Check document and parsing status:

python3 scripts/list_documents.py ds-abc123 --run DONE --suffix pdf
python3 scripts/parse_status.py  ds-abc123        # Aggregate parsing progress

Management operations (polardb-kb-agent only):
```
python3 scripts/datasets.py create --name "new-kb" --chunk-method naive
python3 scripts/upload_documents.py ds-abc123 ./docs/*.pdf
python3 scripts/parse_documents.py ds-abc123 --all
python3 scripts/update_dataset.py ds-abc123 --chunk-method paper
```
Note
All skill scripts read the ONTOLOGY_BASE_URL and ONTOLOGY_API_KEY environment variables by default.
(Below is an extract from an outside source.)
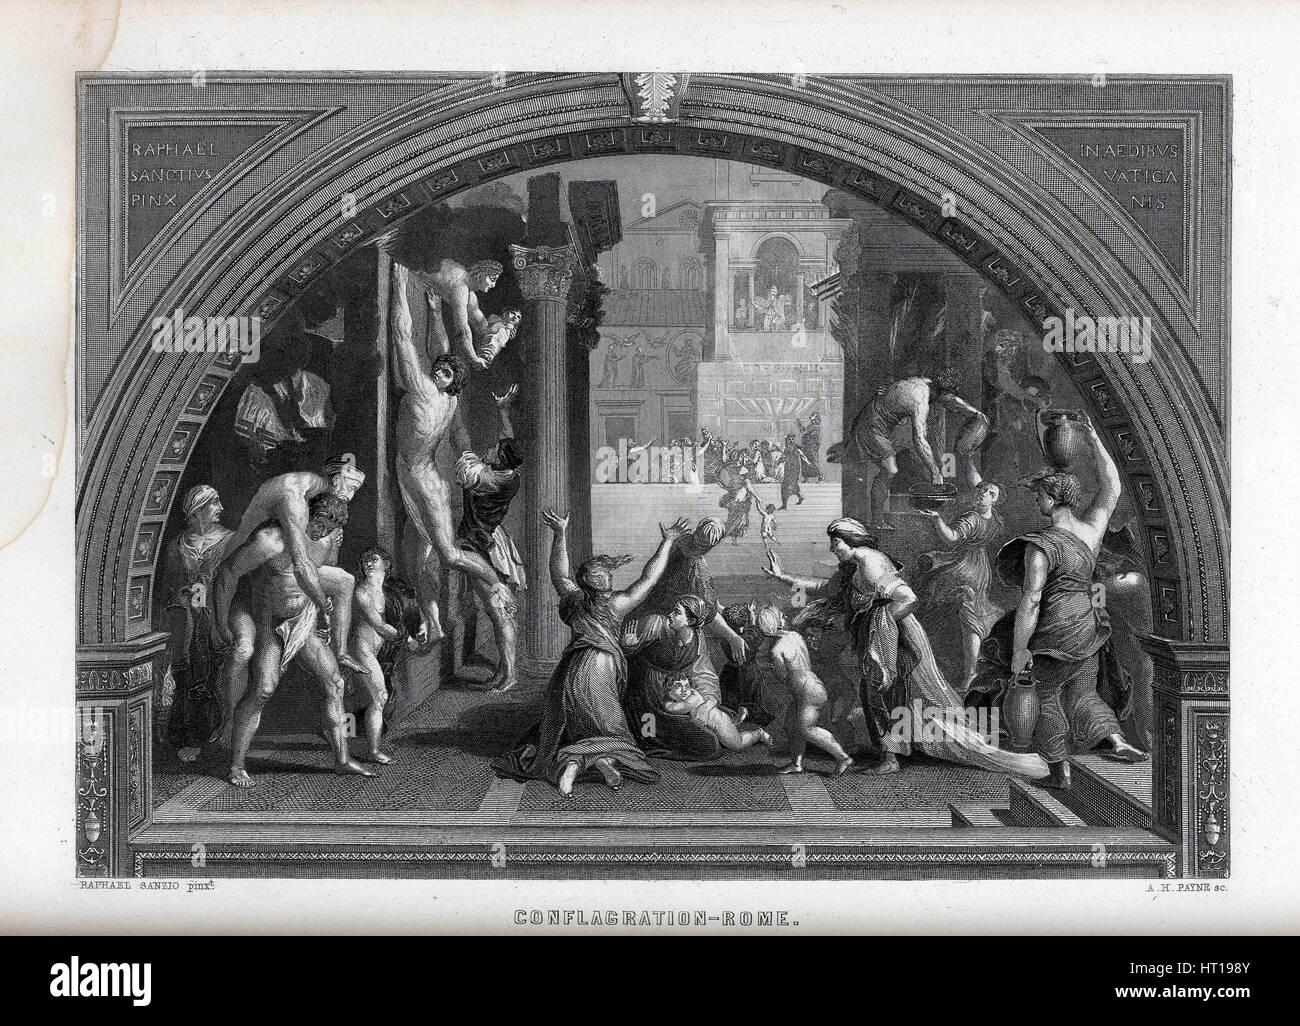 Conflagration of Rome, 1882. Artist: Payne, Albert Henry (1812-1902) - Stock Image

These variables are automatically injected when you import the skill into the AI assistant, so you do not need to set them.

Use cases

Developer Q&A: Import internal design documents into a knowledge base to query architecture details and API specifications directly from an AI assistant.
Customer service SOP: Import FAQs into a knowledge base so customer service agents can retrieve standard responses using an AI assistant.
Ticket analysis: Import historical incident reports. When a new incident occurs, use an AI assistant to search for similar cases.
Bulk semantic analysis: Use the --json flag with your scripts to retrieve answers for a batch of questions and export the results for evaluation.